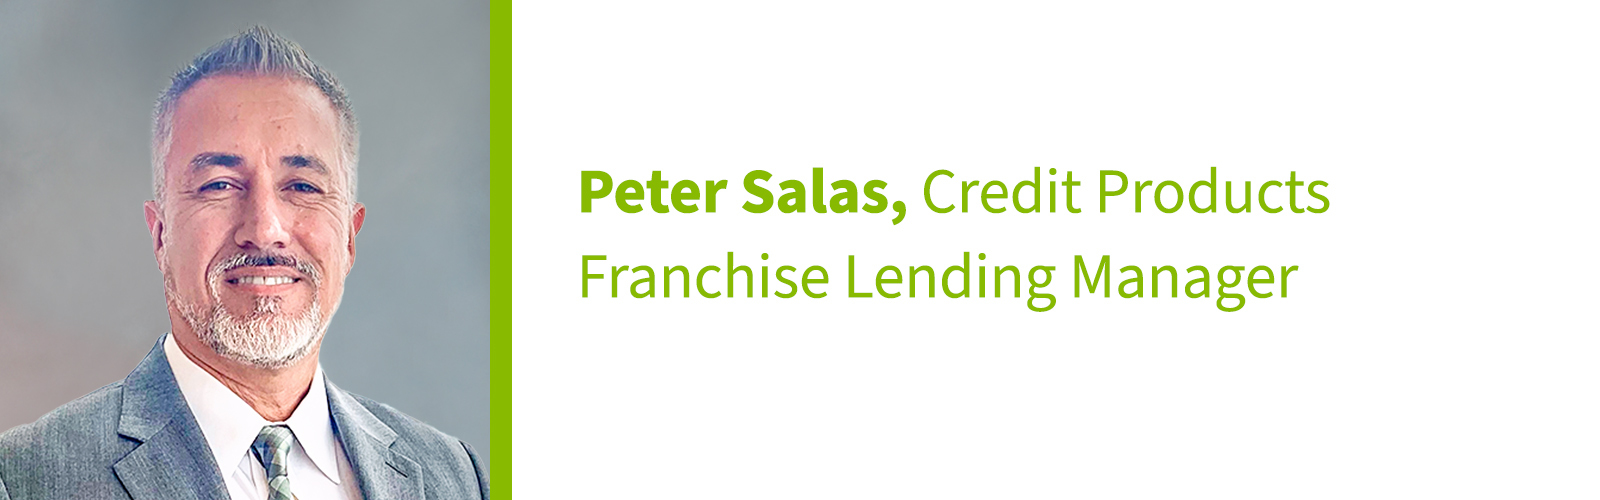 Peter Salas, Credit Products Franchise Lending Manager
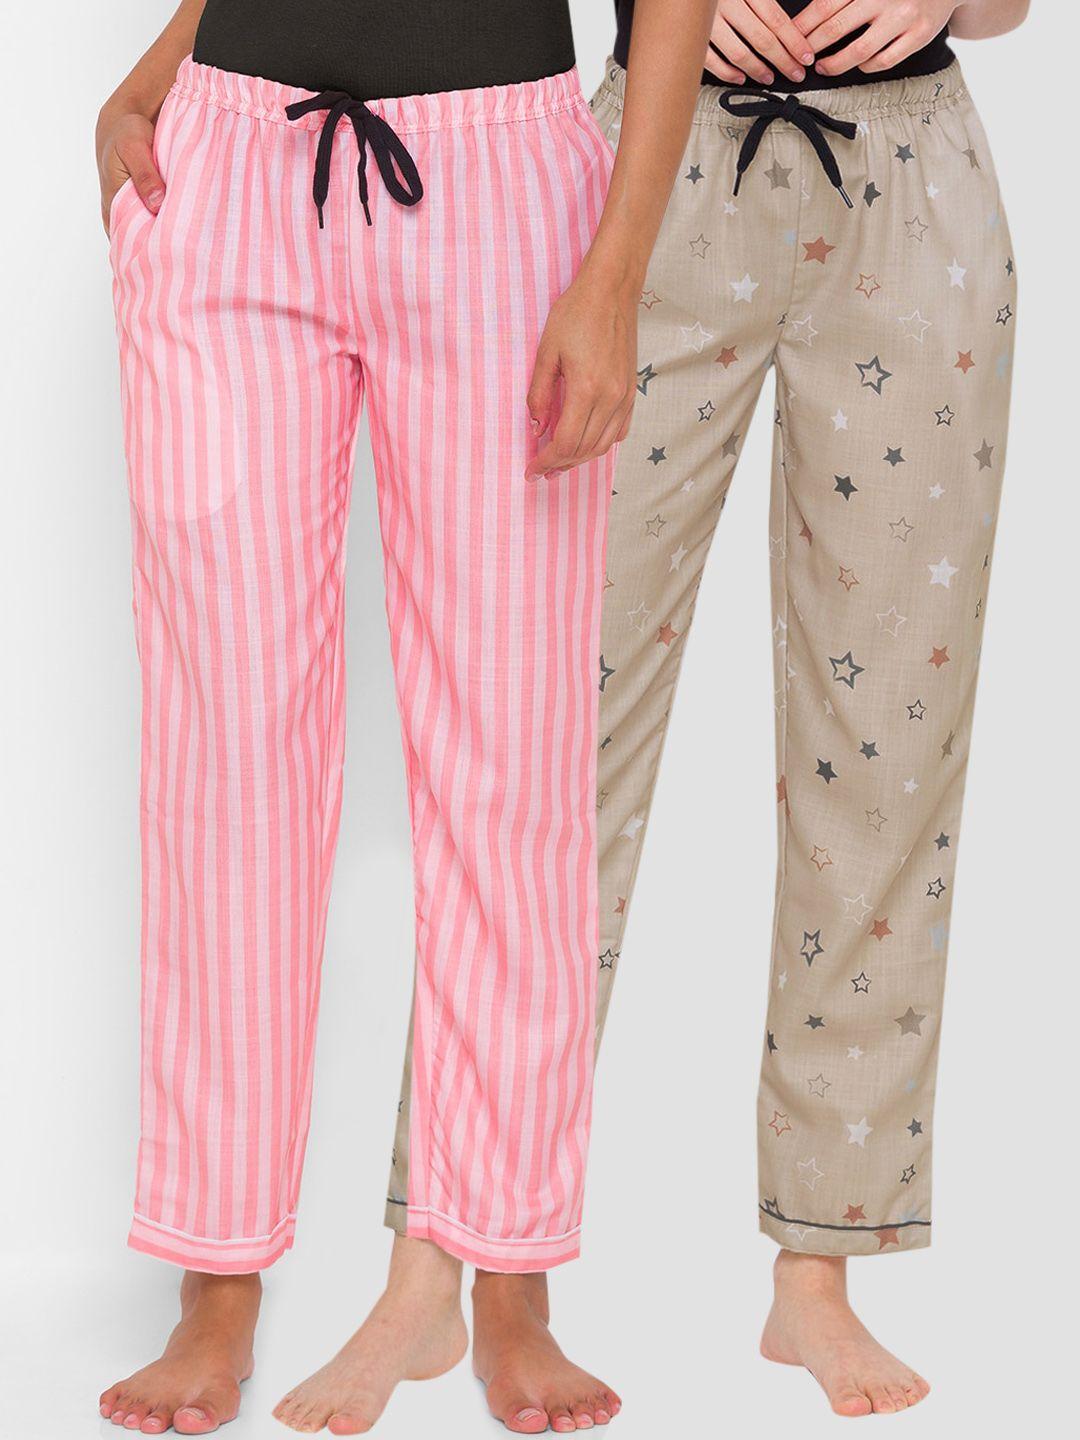 fashionrack woman set of 2 beige & pink striped lounge pants
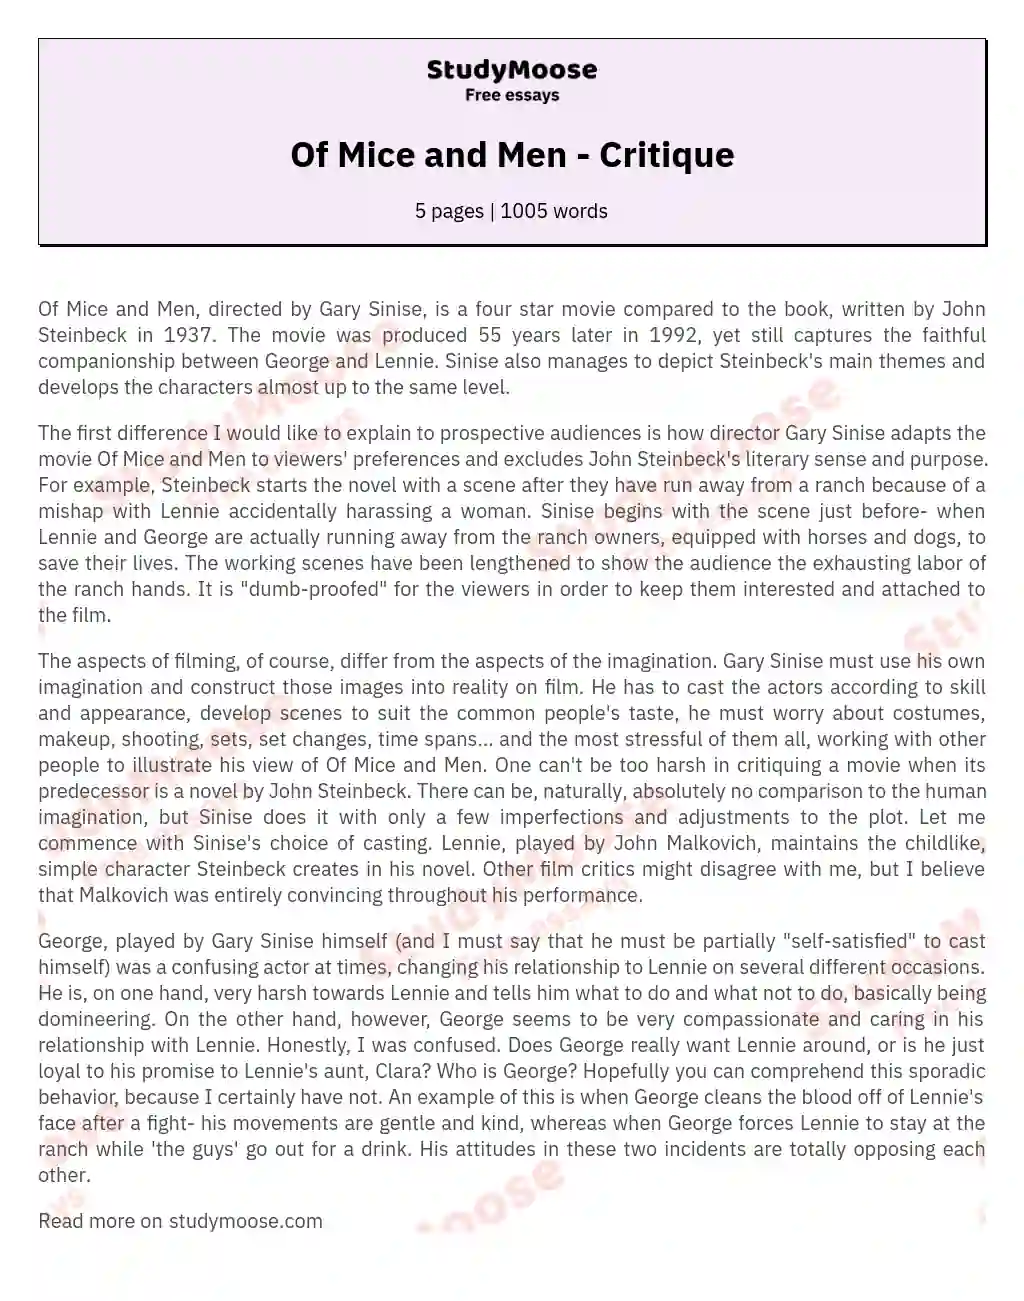 Of Mice and Men - Critique essay
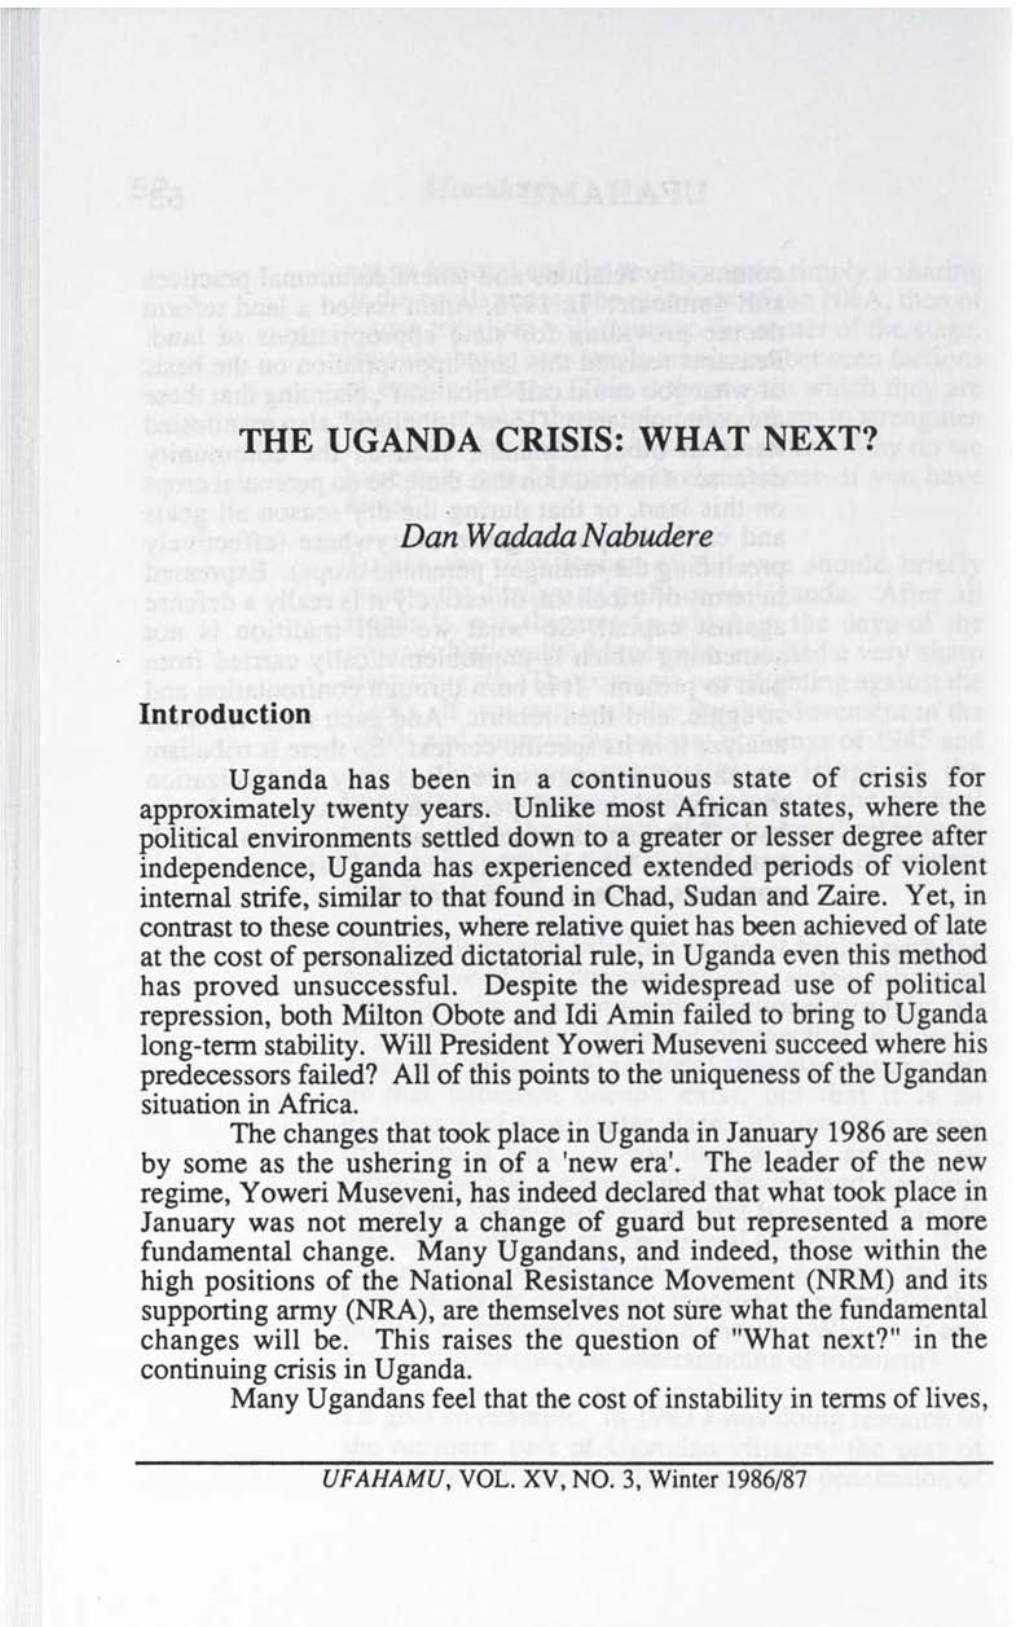 The Uganda Crisis: What Next?
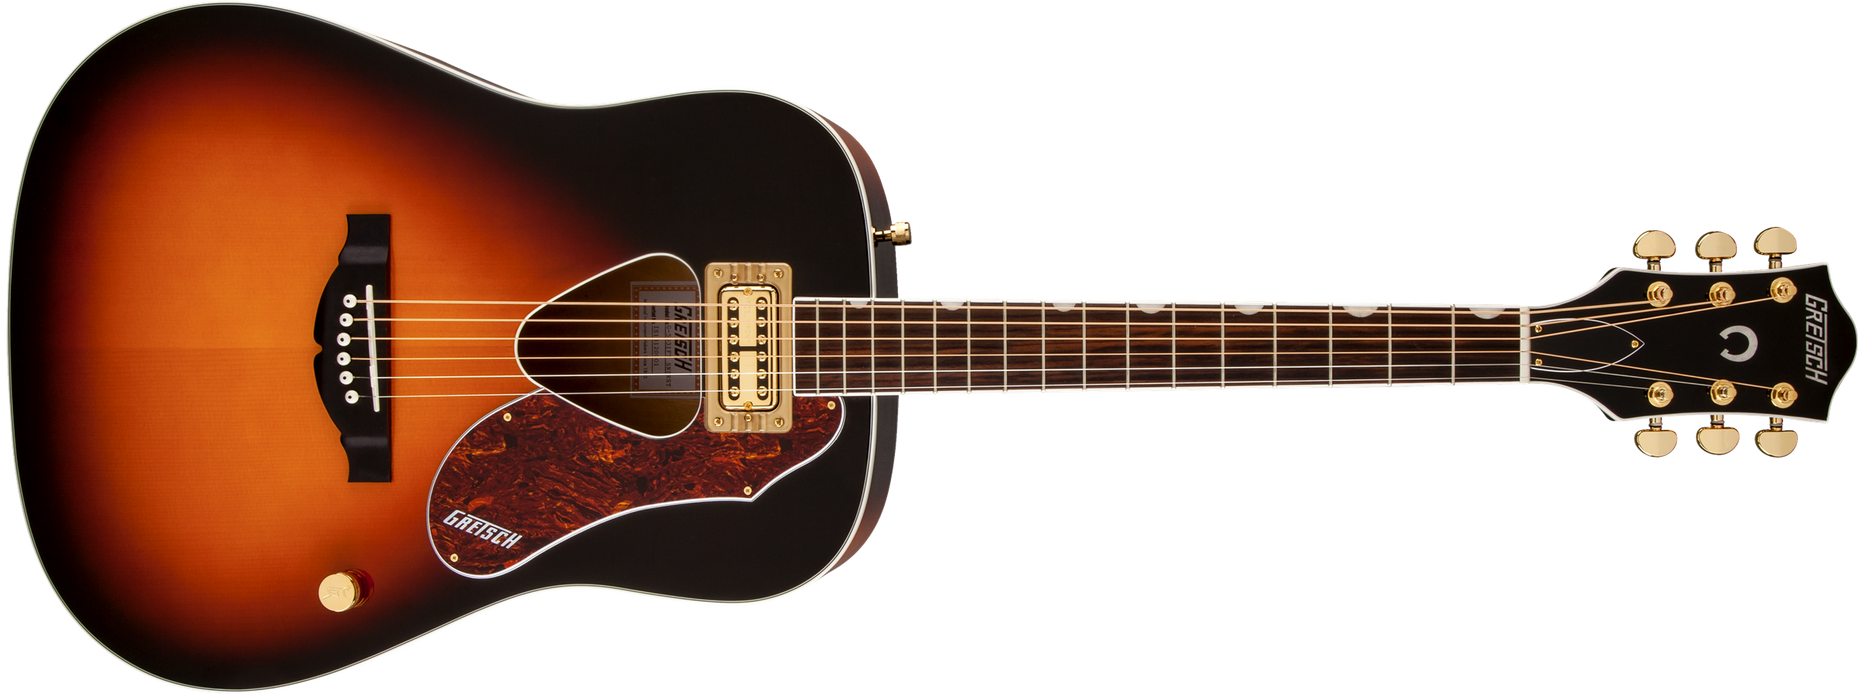 Gretsch G5031FT Rancher™ Dreadnought Acoustic Guitar - Fideli-Tron Pickup, Sunburst
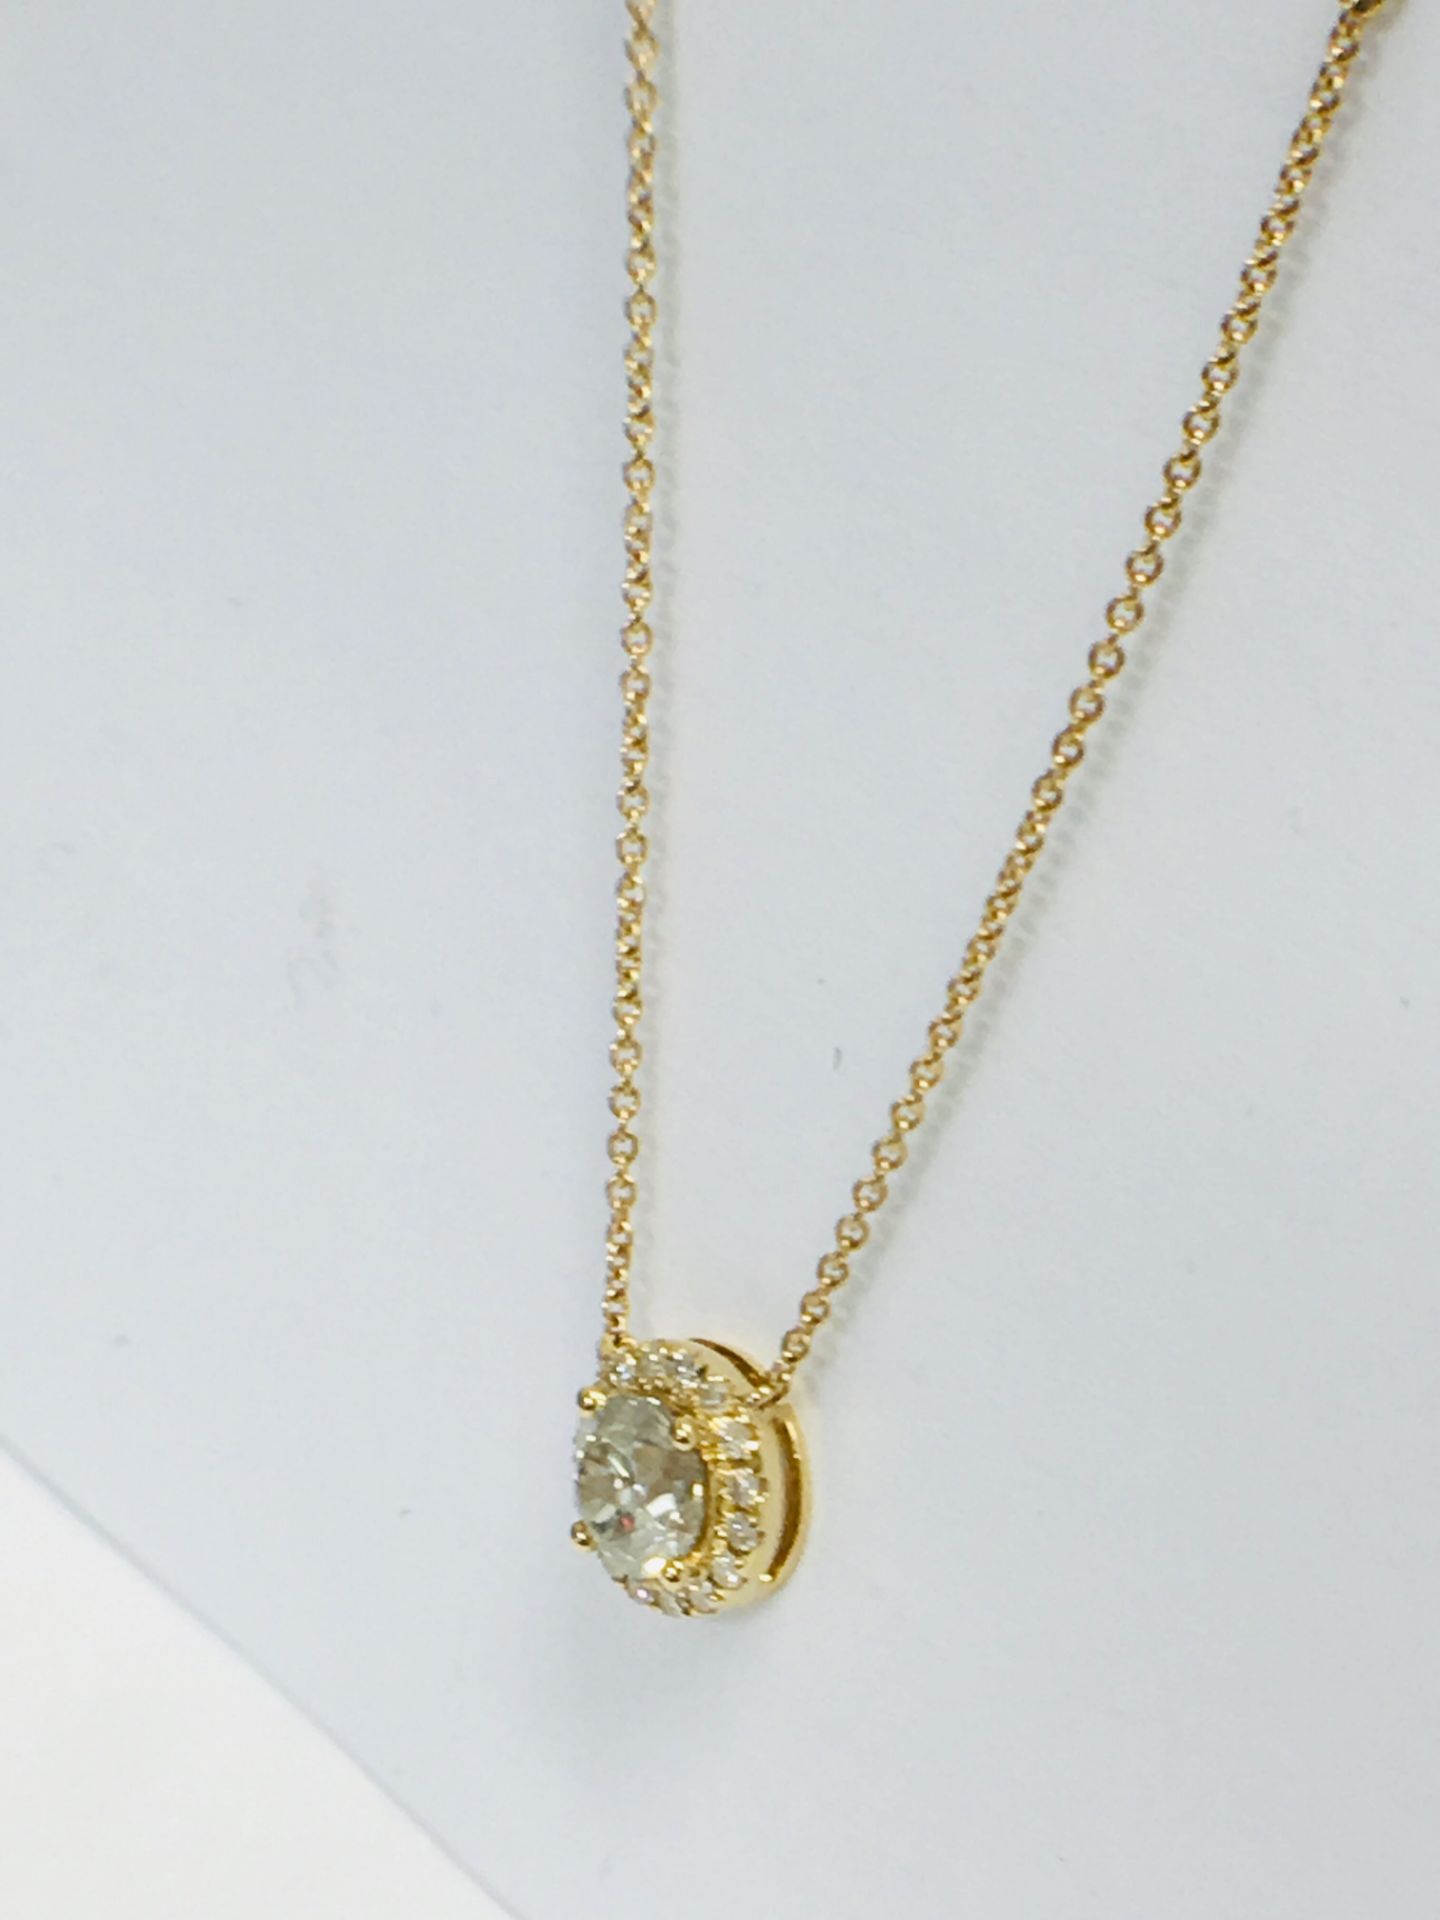 18ct Yellow Gold Diamond Necklace tdw - Image 7 of 10

-*-

--- Prompt ---
Please set down the lines above word for word and leave out the pictures.

--- Exercise output ---
 Peter Salas, Credit Products Franchise Lending Manager
 fashionrack woman set of 2 beige & pink striped lounge pants
 Of Mice and Men - Critique essay
 The Uganda Crisis: What Next?
 Gretsch G5031FT Rancher™ Dreadnought Acoustic Guitar - Fideli-Tron Pickup, Sunburst
 18ct Yellow Gold Diamond Necklace tdw - Image 7 of 10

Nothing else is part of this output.